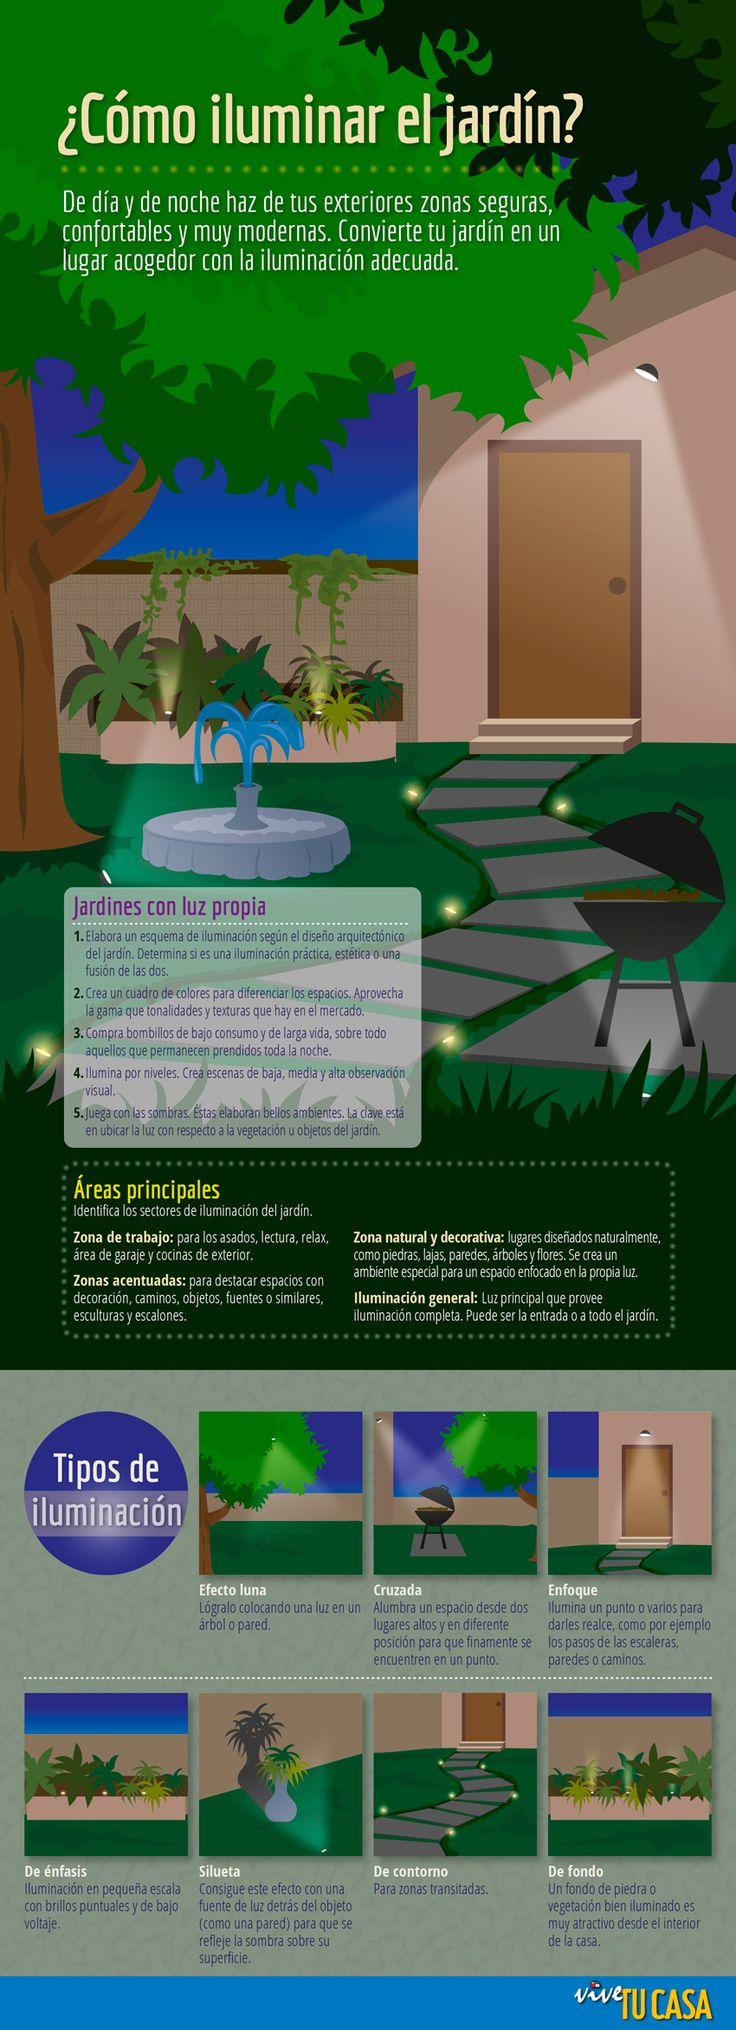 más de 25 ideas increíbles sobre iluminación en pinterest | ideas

======

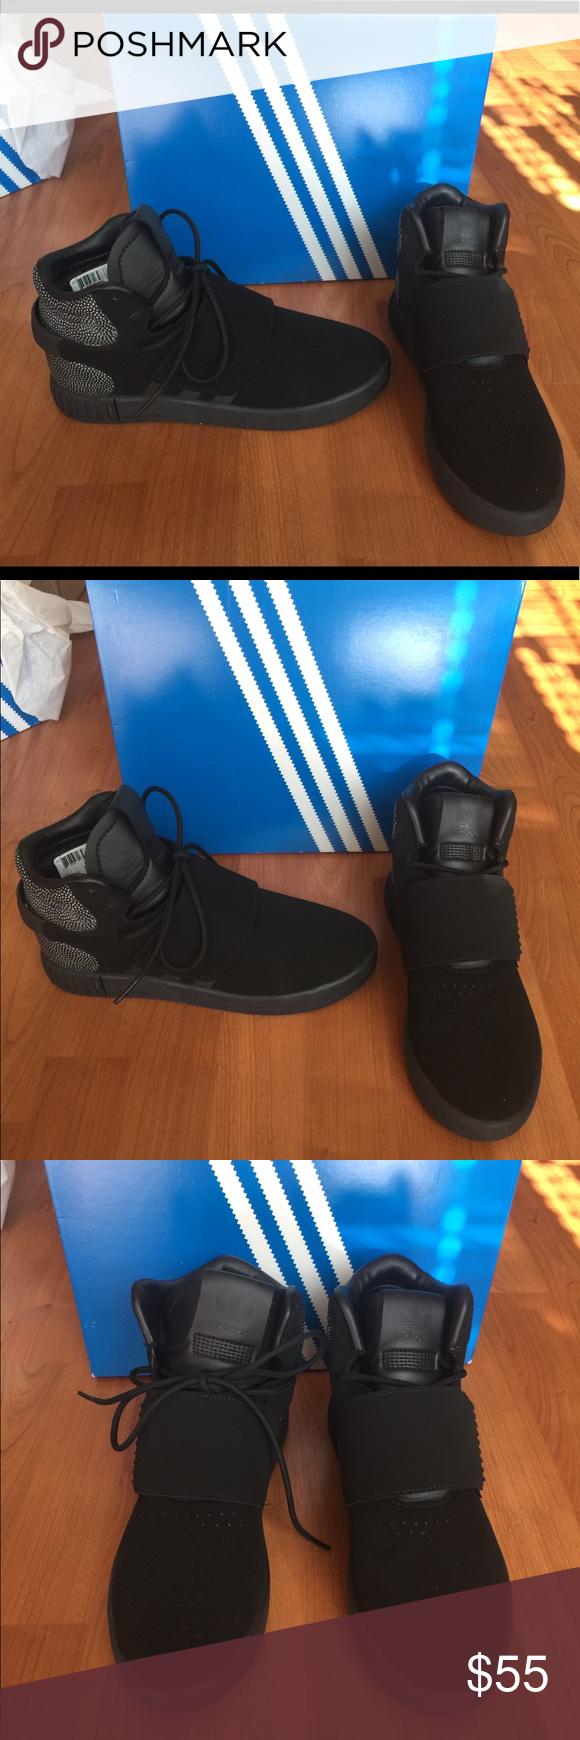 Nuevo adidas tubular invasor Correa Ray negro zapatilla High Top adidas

======

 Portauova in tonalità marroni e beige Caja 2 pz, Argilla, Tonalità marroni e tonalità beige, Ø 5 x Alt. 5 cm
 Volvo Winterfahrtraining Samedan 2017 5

======

Reproduce exactly the entries above, limited to the lines from the one with "Portauova in tonalità" through the one with "Volvo Winterfahrtraining Samedan 2017 5", both included.

#### Finished task:
 Portauova in tonalità marroni e beige Caja 2 pz, Argilla, Tonalità marroni e tonalità beige, Ø 5 x Alt. 5 cm
 Volvo Winterfahrtraining Samedan 2017 5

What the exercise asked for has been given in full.